Cómo hacer que tu cuerpo queme grasa en lugar de carbohidratos

Los carbohidratos se han convertido en el tema principal de muchas conversaciones, dietas y programas de ejercicio. Estas pequeñas fuentes de combustible, contienen grandes cantidades de poder. Los carbohidratos son energía que se quema rápidamente para actividades como impulsarte para correr, nadar bajo el agua y saltar en el aire. Estas actividades normalmente duran menos de dos minutos. Aunque tu cuerpo utiliza tanto grasa como carbohidratos, la concentración puede variar entre uno y otro. El cuerpo utiliza primordialmente la grasa como combustible cuando el ejercicio es de un nivel bajo a moderado y dura por lo menos 10 minutos.

Nivel de dificultad:
Moderadamente fácil

Necesitarás

  • Calculadora

Instrucciones

  1. Selecciona ejercicios aeróbicos que utilicen grandes grupos musculares y sean rítmicos y continuos. Por ejemplo, escoge ejercicios como caminata, baile, natación, ciclismo, patinaje, remo o subir escaleras.

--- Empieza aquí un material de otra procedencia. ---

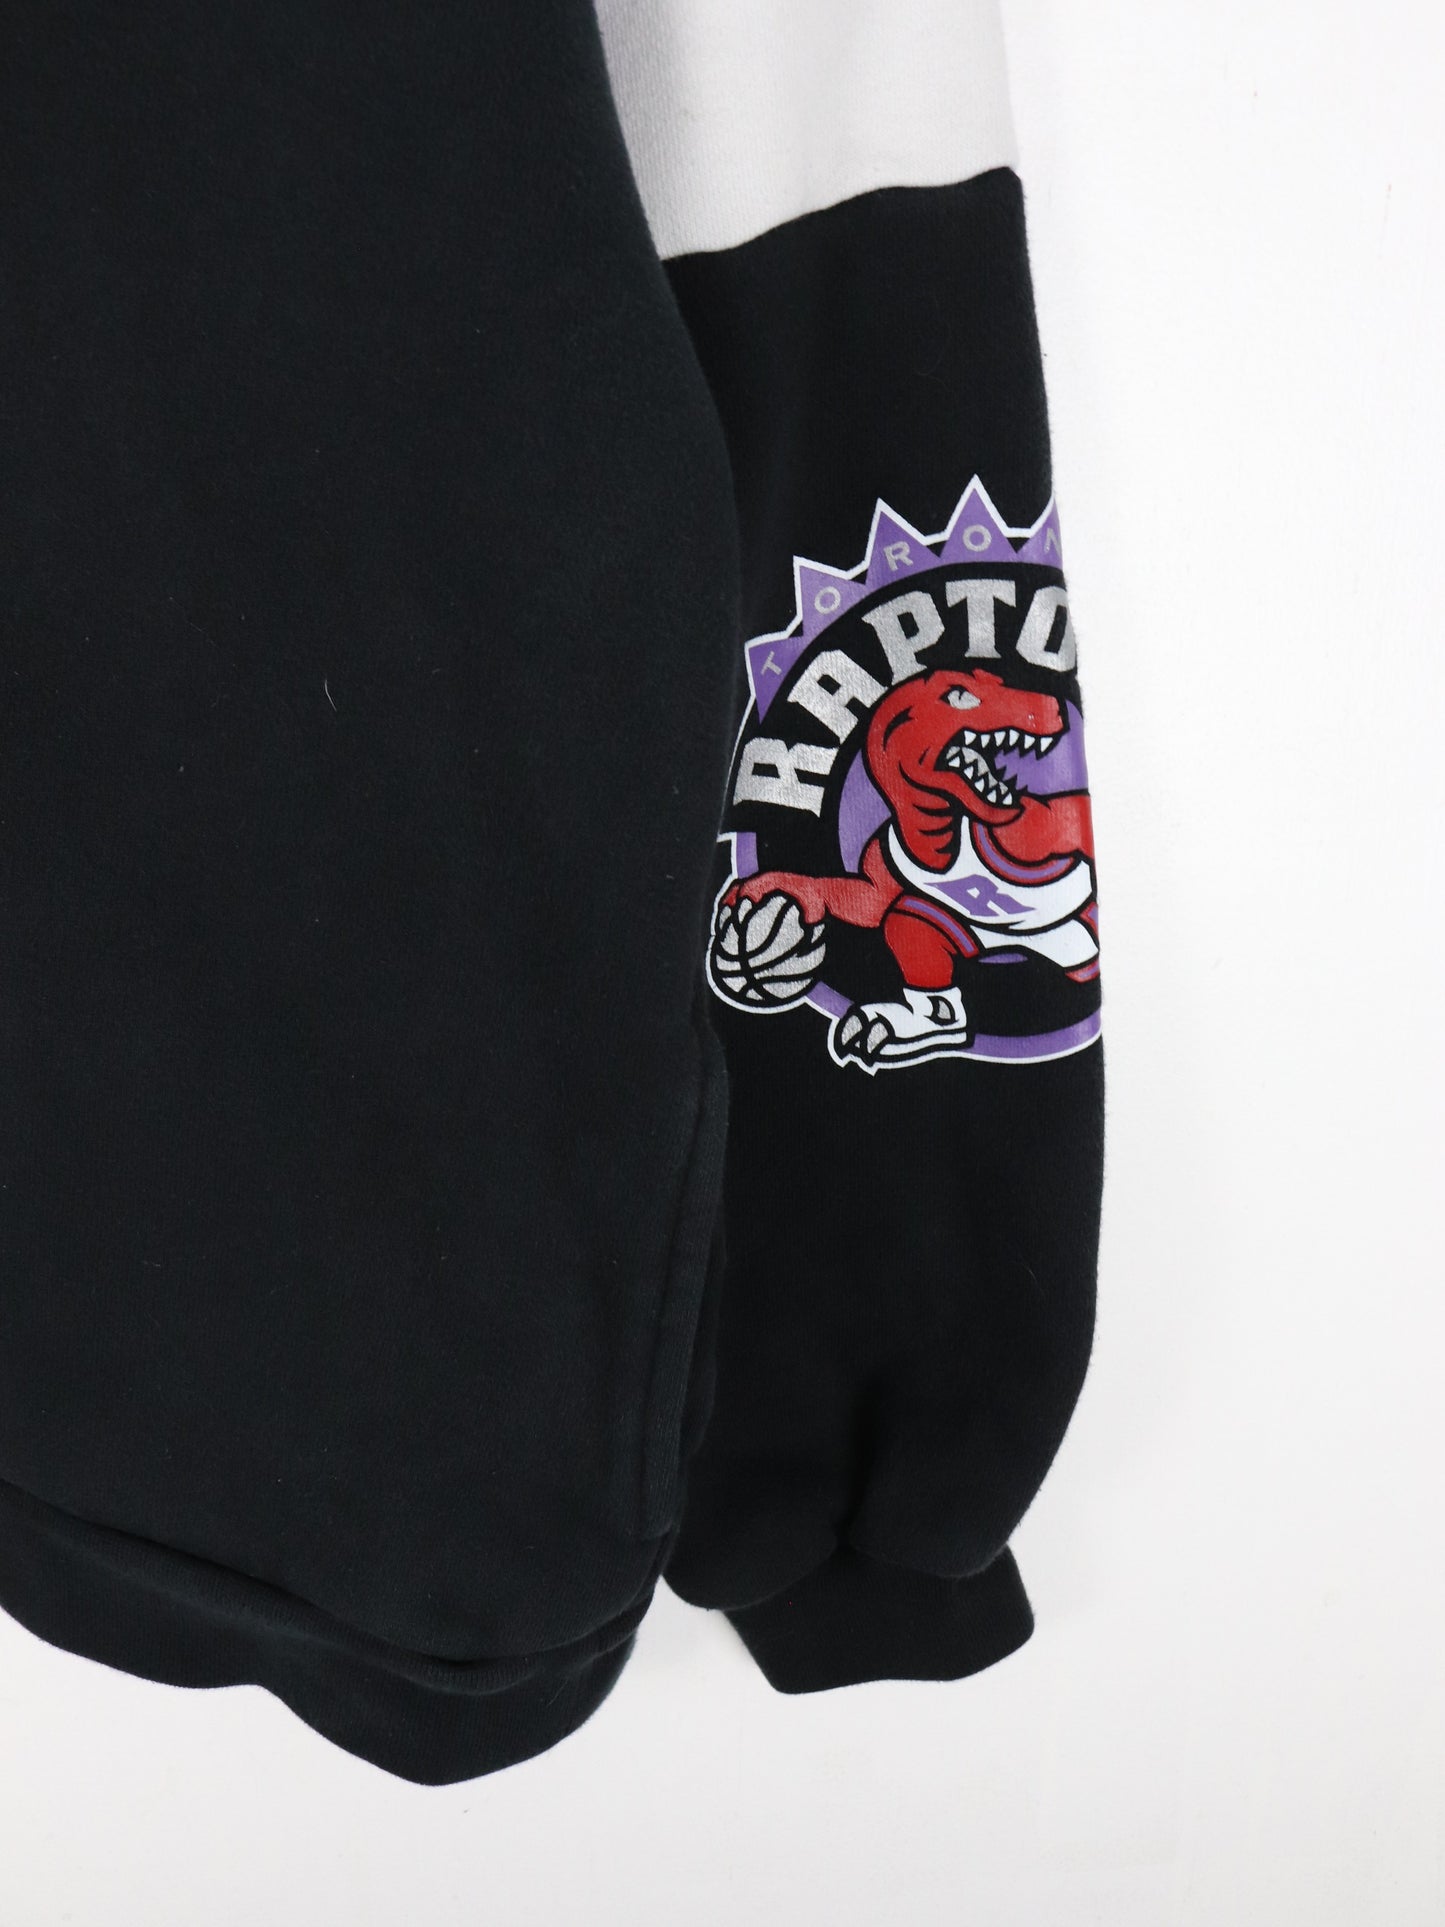 Toronto Raptors Sweatshirt Fits Mens Large Black NBA Hoodie

  2. Después de un calentamiento de cinco a 10 minutos a un ritmo bajo, incrementa la velocidad de tu entrenamiento hasta un nivel que te deje un poco sin aliento pero seas capaz de mantener una conversación. Si puedes hablar, sabes que estas teniendo una cantidad adecuada de oxígeno, así que la grasa se está utilizando como combustible. Si no puedes hablar, tu entrada de oxígeno es baja y tu cuerpo cambia a los carbohidratos como combustible.

  3. Mide la intensidad de tu entrenamiento utilizando el ritmo cardiaco para quedarte en el rango bajo o moderado y garantices que estás quemando grasa. Sustrae tu edad de 220 y multiplica el resultado por 0,60 y 0,80. Estos números representan el ritmo cardíaco que debes tener durante el ejercicio.

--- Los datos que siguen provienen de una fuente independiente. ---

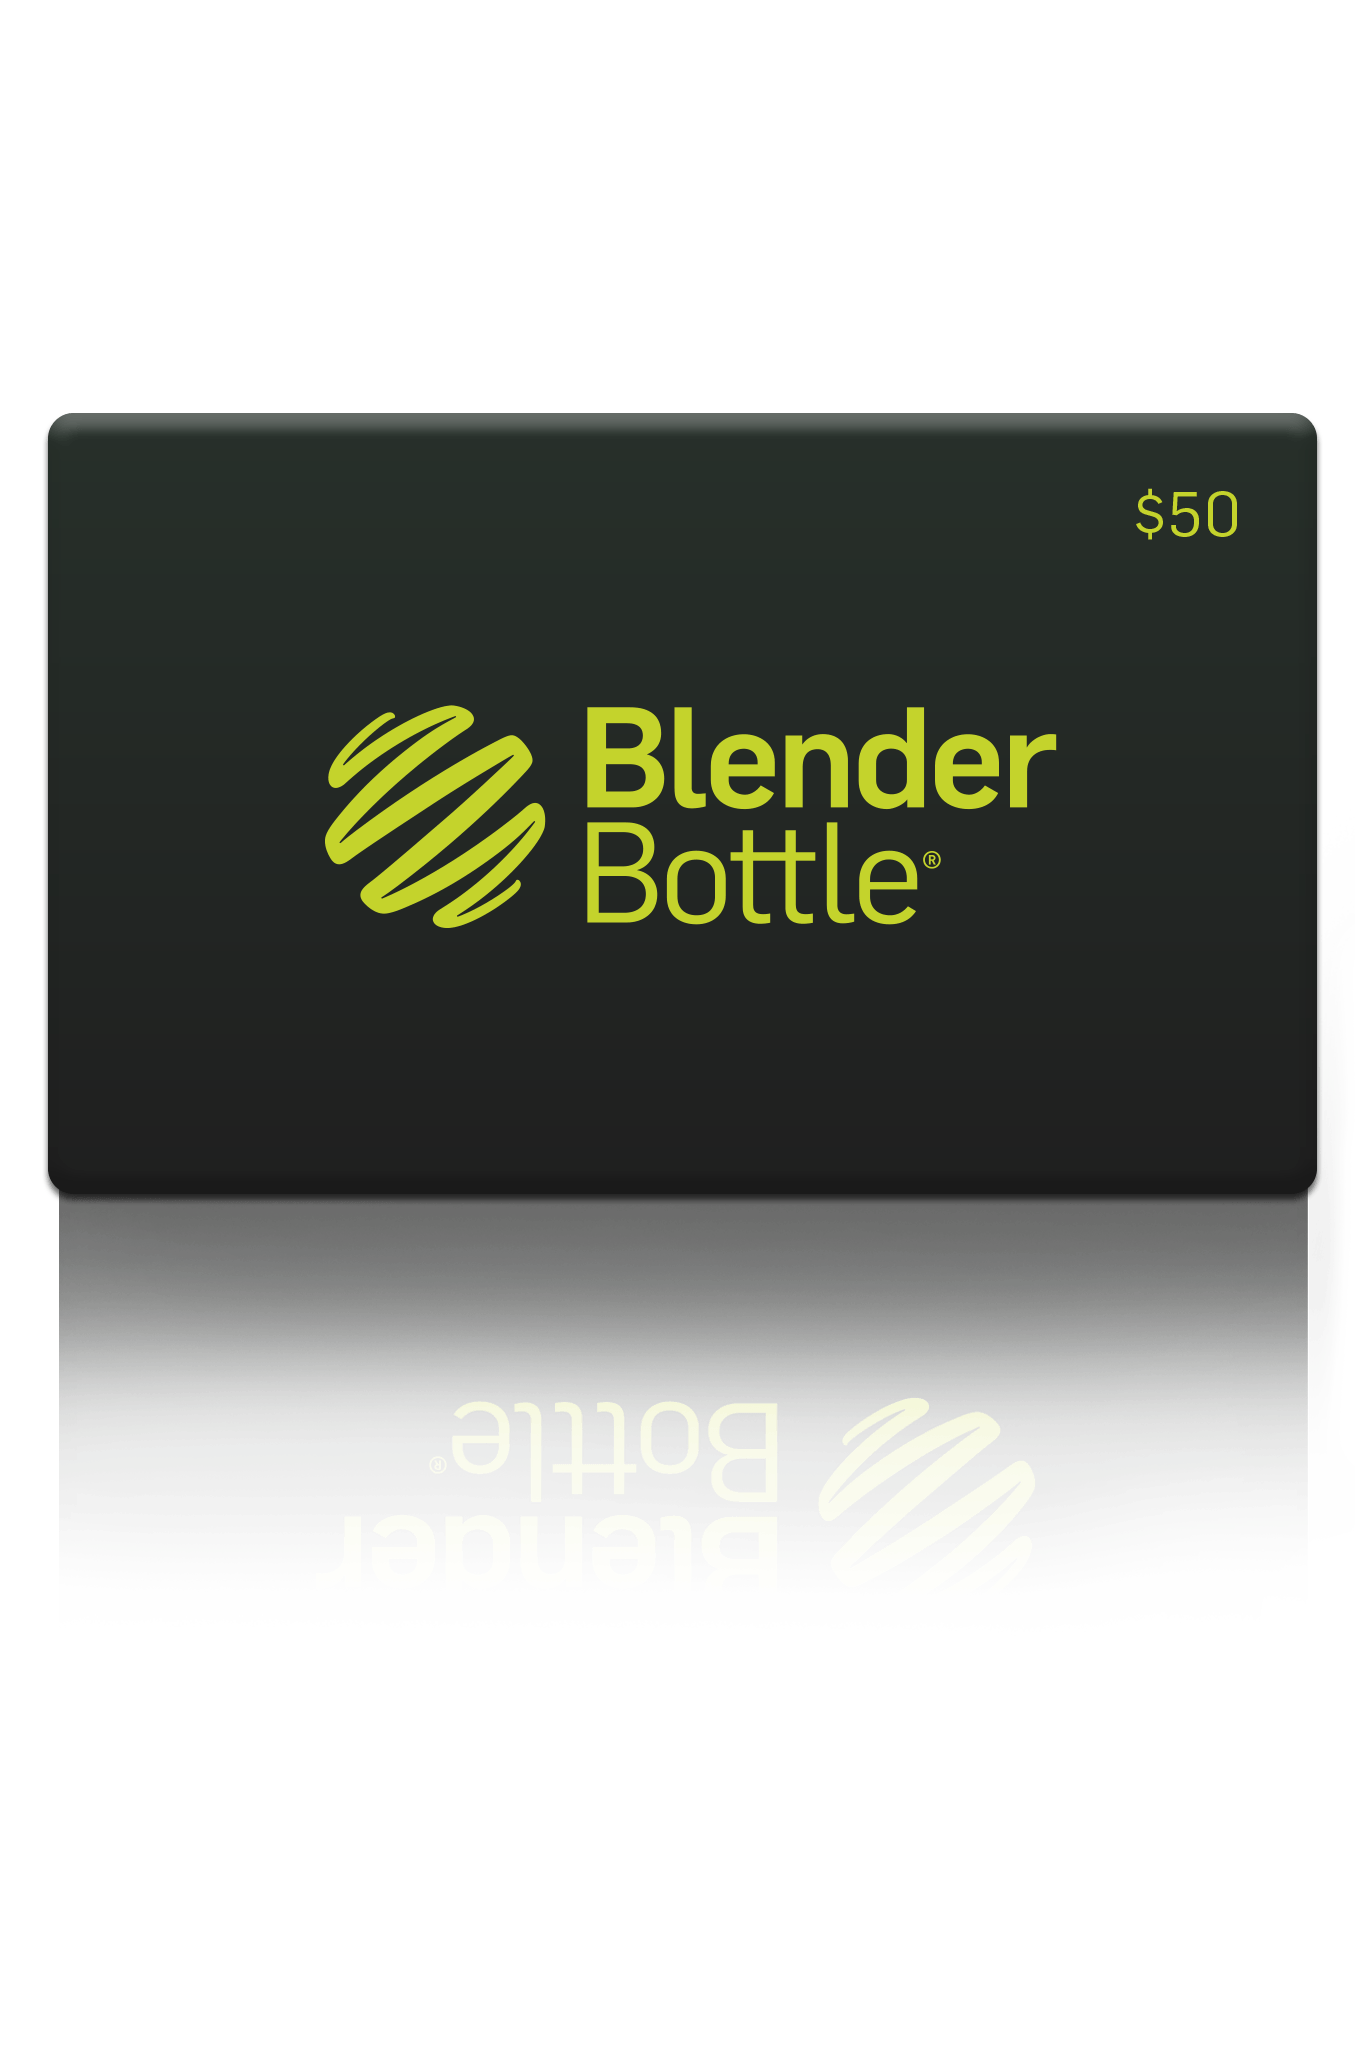 BlenderBottle - BlenderBottle Gift Card - $50.00

  4. Monitorea tu pulso colocando tus dedo índice y medio en la parte lateral de tu cuello, o en tu muñeca en la parte inferior, del lado de tu pulgar. Cuenta los latidos que sientas en 10 segundos y multiplica el resultado por seis. Compara tu pulso con el ritmo cardíaco que debes tener.

  5. Si tu pulso es más bajo de la meta, aumenta el paso. Disminuye el paso si tu ritmo cardiaco está sobre tu meta.

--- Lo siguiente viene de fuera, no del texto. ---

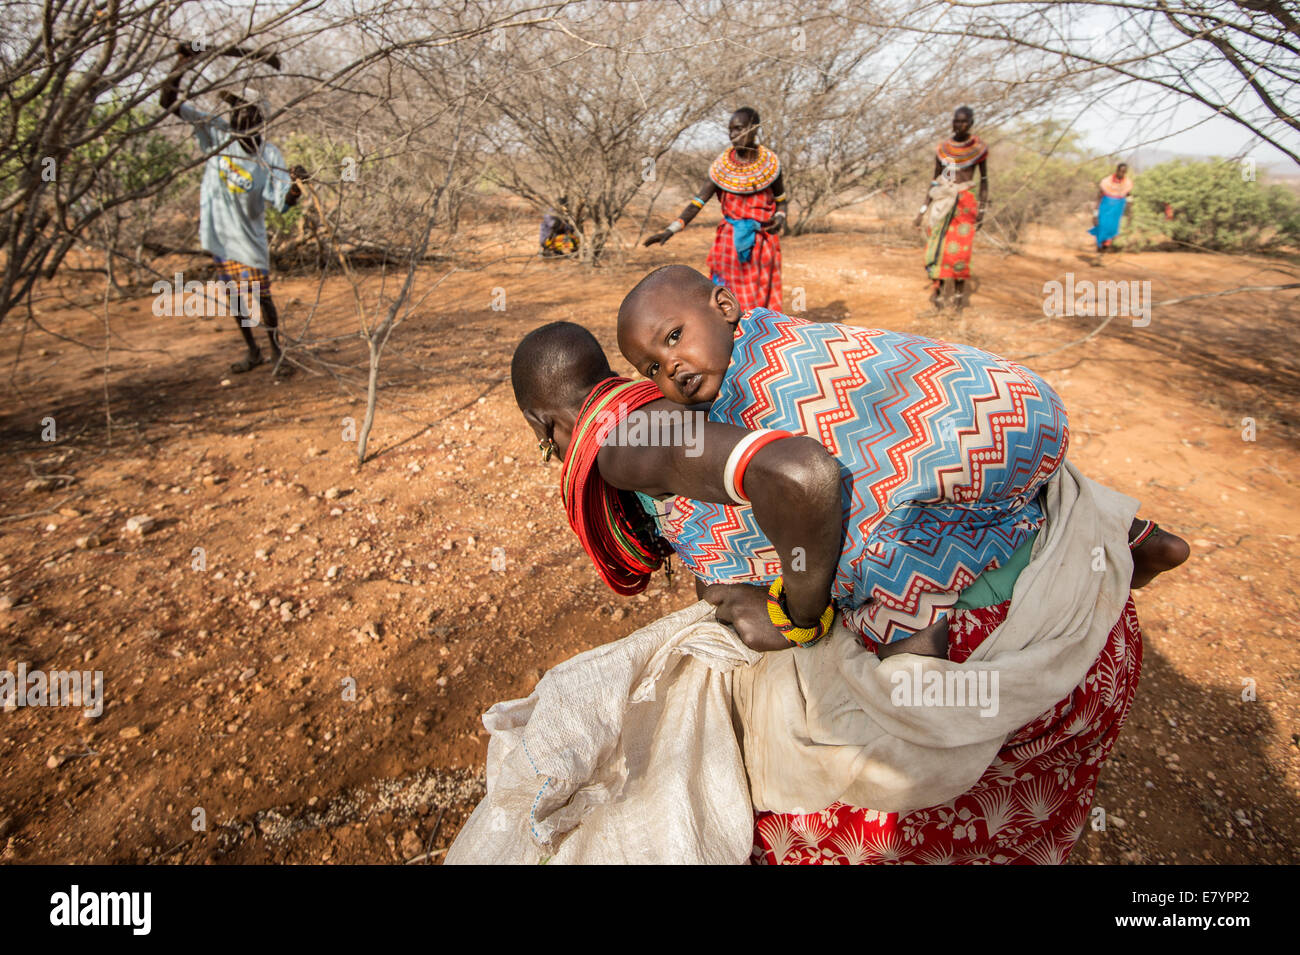 En la Puerta Oeste de conservación en el norte de Kenya, las mujeres Samburu derribado reficiens Acacia, un n de especies invasoras que absorbe los nutrientes Foto de stock

  6. Ejercítate a un ritmo estable, con el ritmo cardíaco adecuado, por lo menos entre 20 y 30 minutos para quemar calorías de grasa.

  7. Enfríate al final de tu entrenamiento con un paso lento de tres a cinco minutos.

Consejos y advertencias

  • Conforme tu condición física aumenta, sube la velocidad de tu entrenamiento para quemar el mayor número de calorías. Mantente debajo de tu ritmo cardíaco máximo, el cual es 220 menos tu edad, para que tu cuerpo no comience a quemar carbohidratos.
  • Habla con un médico antes de comenzar un entrenamiento cardiovascular para determinar si tu corazón es lo suficientemente saludable para hacer ejercicio.